When articles are neither picked nor rejected, they remain `pending` in the inbox for next session.

## Notes

- **Fréttasafn false positives**: The `scan_eu` tool searches keyword groups (EU general, referendum, accession, EEA/Schengen, fisheries, agriculture). It returns many articles where these keywords only appear in sidebars, tag clouds, or "related articles" sections. Always fetch full text before final classification.

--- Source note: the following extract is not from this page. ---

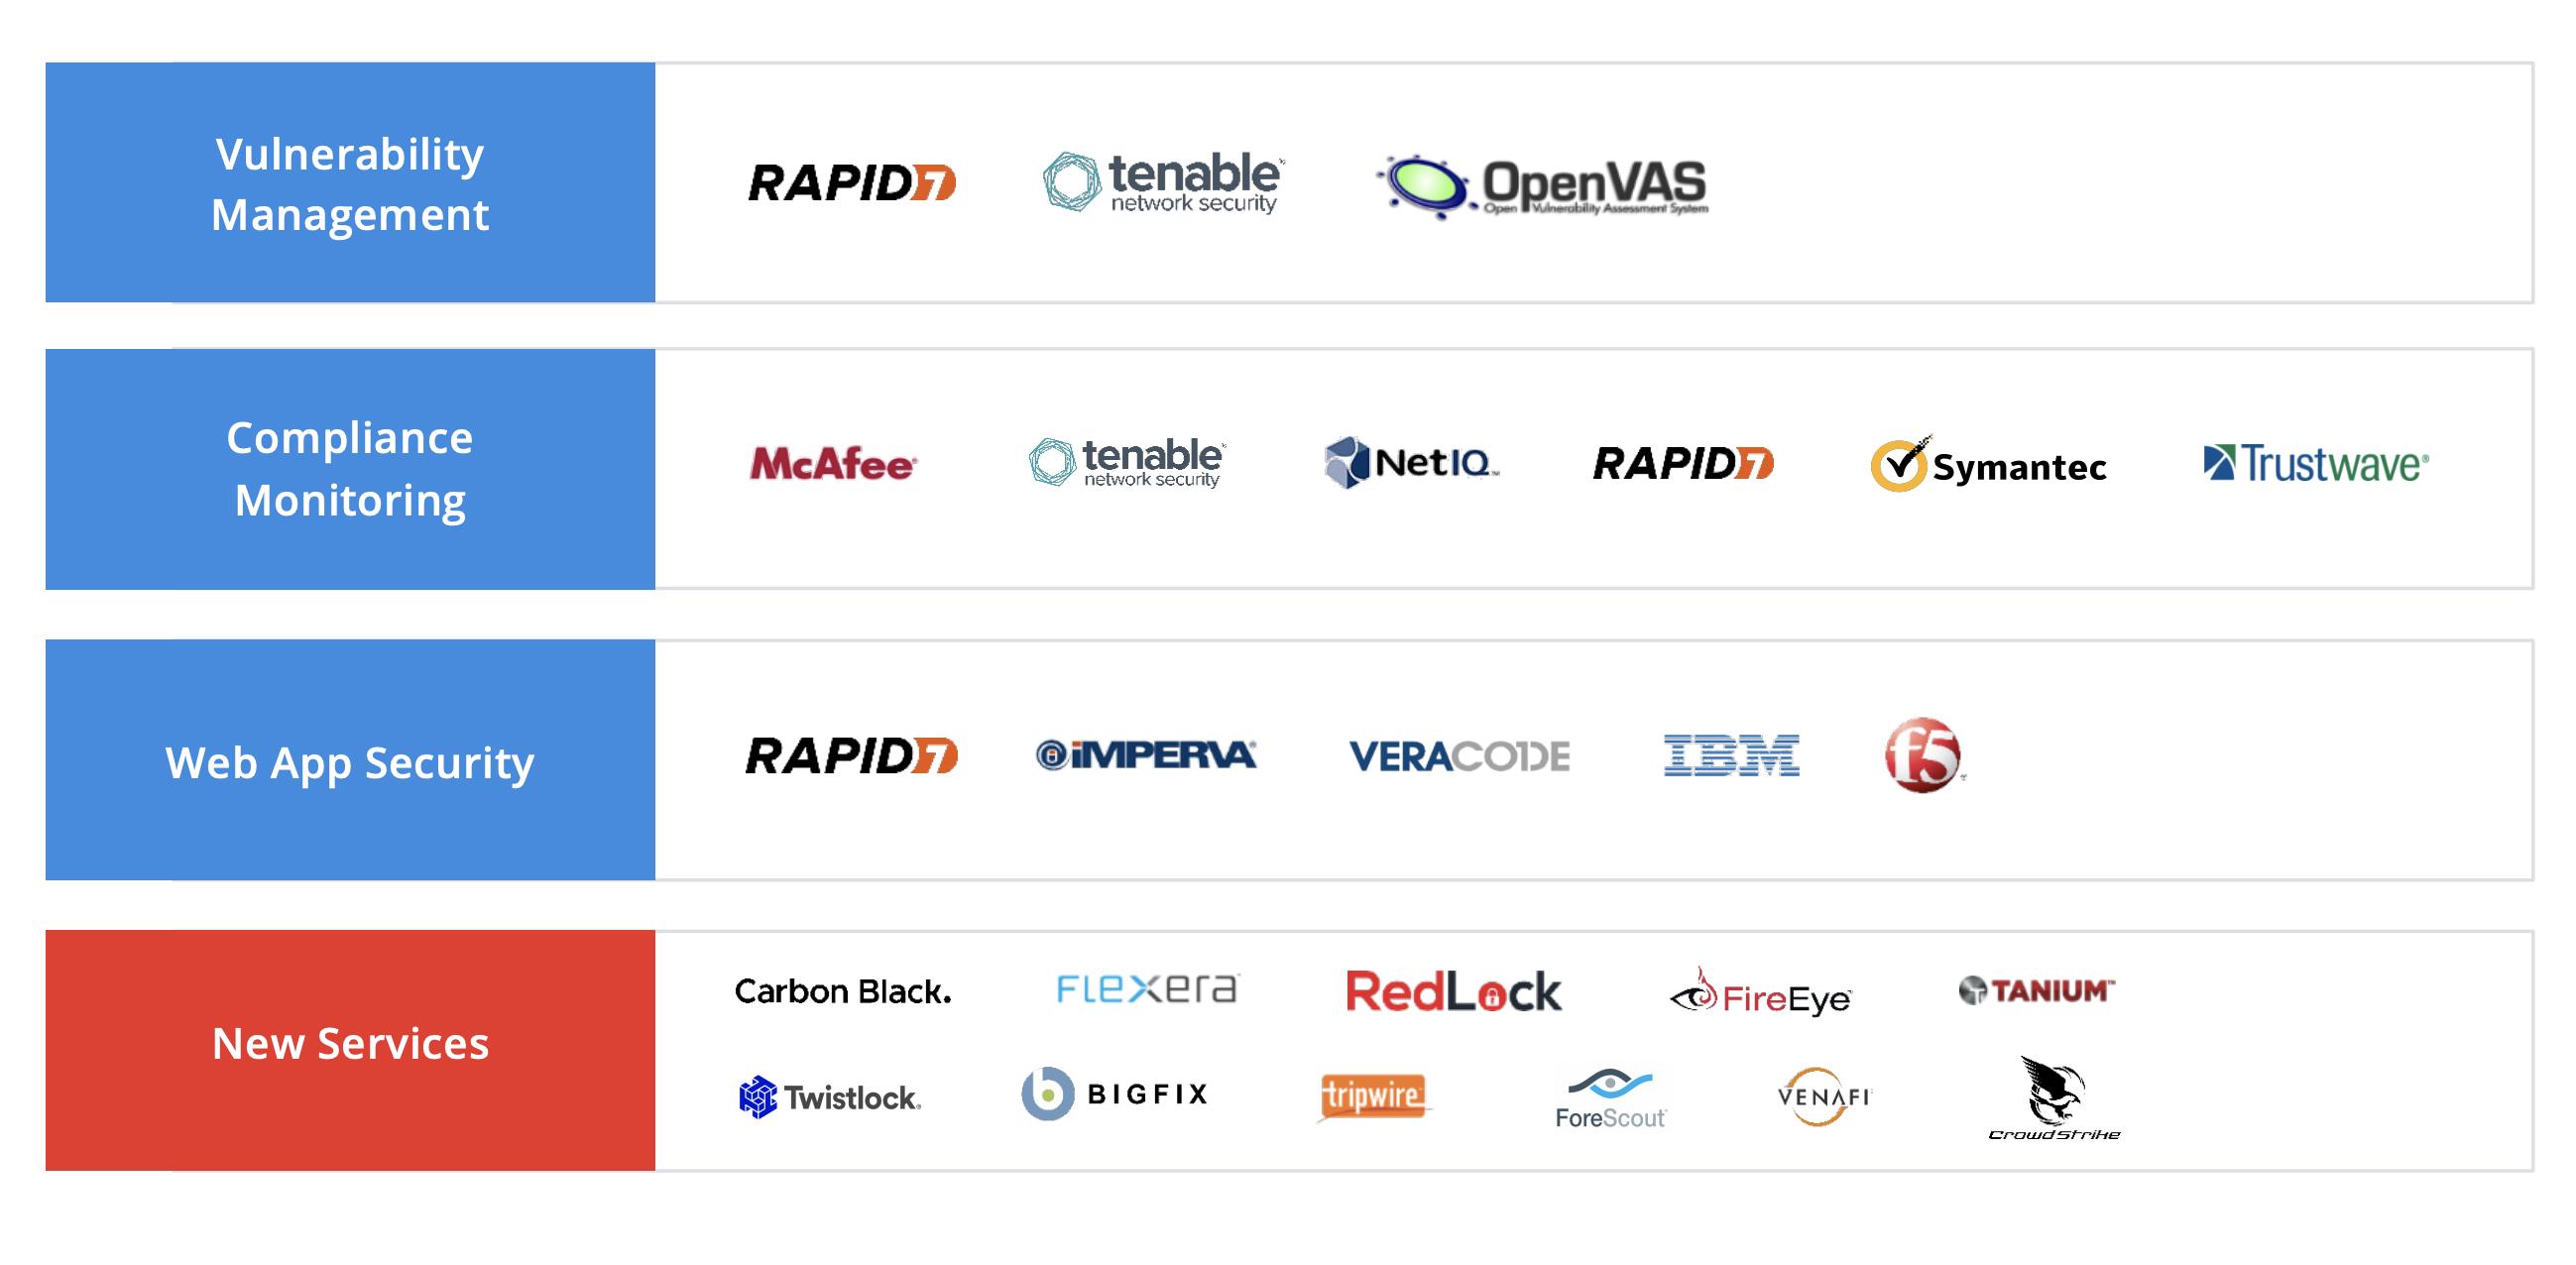 Конкуренты компании в разных сферах: управление уязвимостями, мониторинг комплаенса, безопасность сетевых приложений, новые услуги. Источник: презентация компании, слайд 27

- **Parallel fetching**: Fetch multiple articles in parallel using concurrent MCP calls to speed up Step 5.
- **Date range**: Default 7 days balances thoroughness with speed. For catch-up after a break, use a longer range.
- **Dedup authority**: `consumer_state` is the increasingly-authoritative source after Phase 3 — `scan_eu` anti-joins against it server-side; `register_article_sightings.py` writes through to it; `check_duplicate.py` checks it. The registry is a transitional safety net during the verification period. Don't grep `data/analyses/` directly — call `consumer_state_summary` or use `check_duplicate.py` which checks both paths.
- **Backlog priority**: Articles older than 7 days are flagged as backlog in `manage_inbox.py next` output. They are still analysed — age does not reduce importance, only time-sensitivity.
- **Session efficiency**: A typical session should be: run `/find-articles` → Claude scans, finds 2–4 HIGH articles, analyses them all, presents results + MEDIUM list. User reviews MEDIUM, optionally queues some. Minimal keyboard time.
- **Avoid permission prompts**: Use dedicated tools (Read, Write, Grep, Glob) instead of shell commands for all file I/O. Never use input redirection (`<`), heredocs (`<< EOF`), `cat >`, `echo >`, `wc`, or `grep` on data files — these trigger security prompts that require user interaction. Only use Bash for `uv run python` commands.